Our Hearts Were Young and Gay
- First edition
- Author: Cornelia Otis Skinner Emily Kimbrough
- Publisher: Dodd, Mead & Co.
- Publication date: 1942
- Pages: 247 pp.
- OCLC: 287927

= Our Hearts Were Young and Gay =

1942 book by Cornelia Otis Skinner and Emily Kimbrough

Our Hearts Were Young and Gay is a book by actress Cornelia Otis Skinner and journalist Emily Kimbrough, published in 1942. The book presents a description of their European tour in the 1920s, when they were fresh out of college from Bryn Mawr. Skinner wrote of Kimbrough, "To know Emily is to enhance one's days with gaiety, charm and occasional terror". The book was popular with readers, spending five weeks atop the New York Times Non-Fiction Best Seller list in the winter of 1943.
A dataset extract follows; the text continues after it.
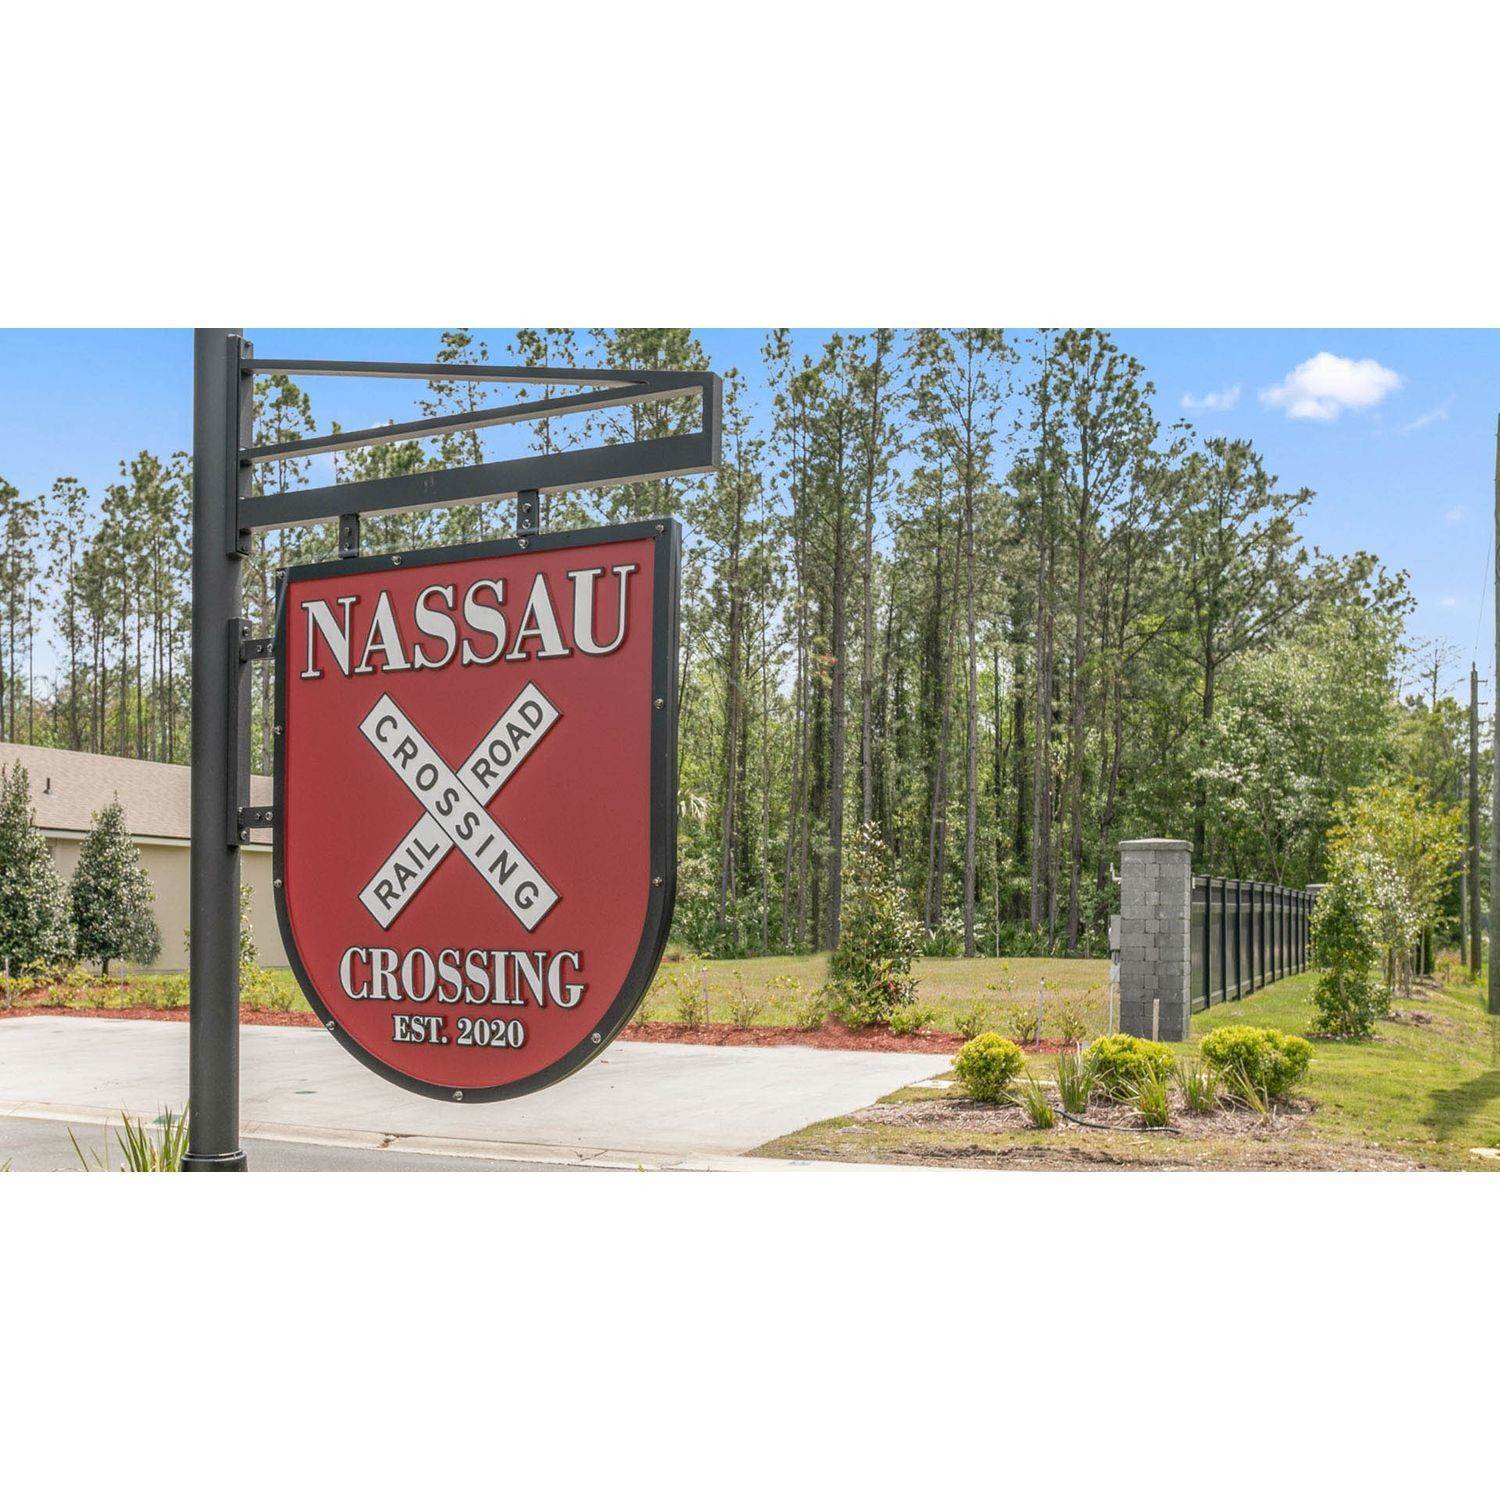 Nassau Crossing Townhomes building at 86400 Mainline Rd., Yulee, FL 32097

The book was made into a motion picture in 1944, and in 1946 it was dramatized as a 3-act comedy play by Jean Kerr. In 1950 the book served as the basis for a CBS television comedy series. The series initially had the same name as the book, but after two weeks it was retitled The Girls. In 1960 a 2-act musical comedy version of the book was created.

During the Second World War, Hugh Trevor-Roper discovered that this book was used as a codebook by German intelligence.

In the movie “Sands of Iwo Jima”(1949). The book was in the pocket of a young soldier (played by Martin Milner) that was shot and killed on the beach.